Umbilical cord digestion: after umbilical cord is transported to the laboratory, use phosphate buffered saline buffer PBS (Gibco Company products) washing to remove blood and amniotic fluid 2 times.In 2 grades of Biohazard Safety Equipments, carrying out umbilical cord handles.Prepare an aseptic bag and include 1 medium size operation staight scissors, 1 medium size operation straight forceps, 1 glass culture dish, 1 100ml beaker that diameter is 10cm.With umbilical cord scissors is the umbilical cord section of 2-3cm, takes out Umbilical artery respectively and umbilical vein discards.The umbilical cord section is cut into 3mm * 3mm * 5mm fritter; Being transferred to the 50ml tapered bottom gathers in the third ethene centrifuge tube; Perfect medium (Stemcell company) to contain 0.1%IV Collagen Type VI enzyme α MEM substratum (Worthington company) and
(catalog number (Cat.No.) 05420) serum-free and do not have animal component is a Digestive system; Add 25ml and place the constant temperature shaking table with 37 ℃, 250rpm digestion 2 hours, the digestion back is with 3 times of α MEM substratum washing 3 times removals collagenase and collagens with the Digestive system volume.
Tissue Culture Flask wrapper sheet: carried out wrapper sheet in advance in 1 day.Dilute adherent matrix components (Stemcell company), T-75cm with 1: 28 ratio with PBS
2Culturing bottle adds the adherent matrix of 5ml, tightens bottle cap horizontal positioned ambient temperature overnight.Exhaust liquid component with the 10ml transfer pipet before using next day and avoid adherent of exposing cell.Aqua sterilisa is cleaned in aseptic aqua sterilisa washing 1 time, and room temperature leaves standstill 15min.

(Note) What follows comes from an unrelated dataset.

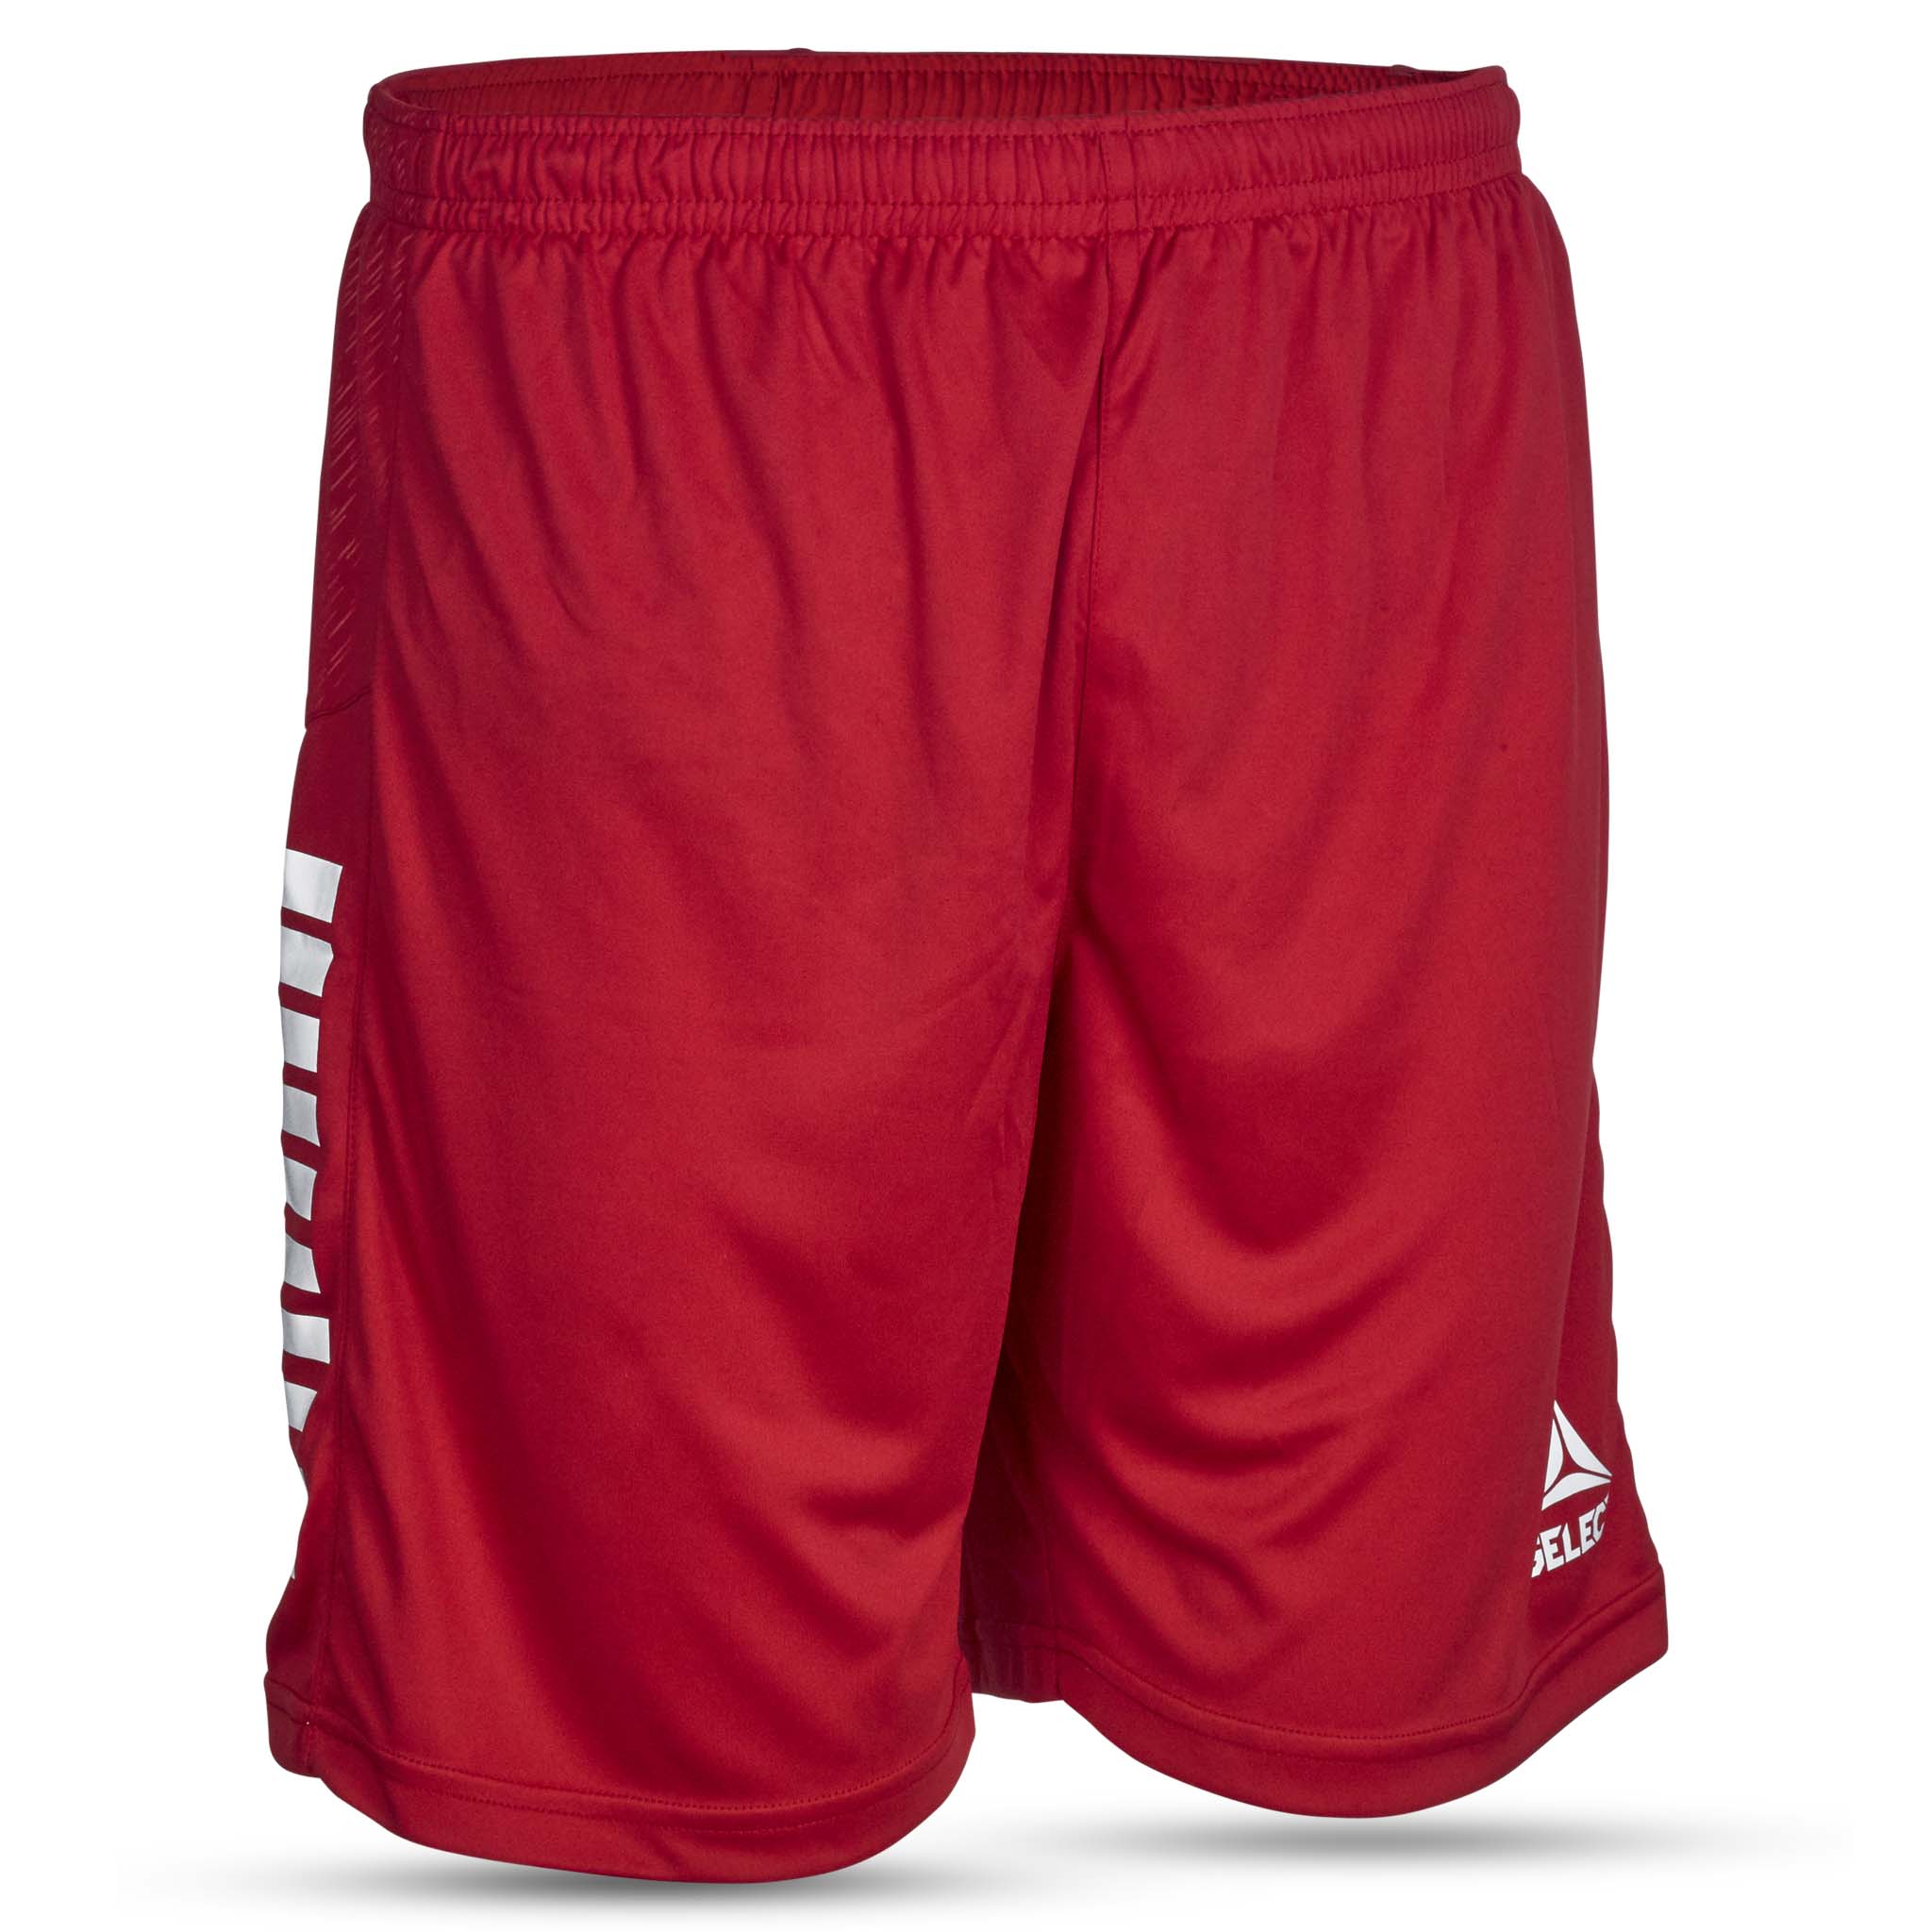 Spain Shorts - Barn #farge_rød

Umbilical cord mesenchymal stem cells is former be commissioned to train foster: will digest back umbilical cord fritter and cell suspension with 75-150ml
(Catalog#05420) serum-free not have the perfect medium of animal component resuspended.Suspension is transferred to the T-75cm that adherent matrix components encapsulated
2Culturing bottle places 37 ℃ and 5%CO
2, cultivated 48 hours in the 95% humidity incubator.Cultivate 48 as a child visible fusiformis attached cells; Exhaust nutrient solution also with α MEM substratum washing 1 time; Add fresh
serum free medium, changed liquid once in after this per 2 days.Reach 80%-85% until fusiformis attached cell degree of converging, the general time is 8-12 days, promptly gets P0 for mescenchymal stem cell.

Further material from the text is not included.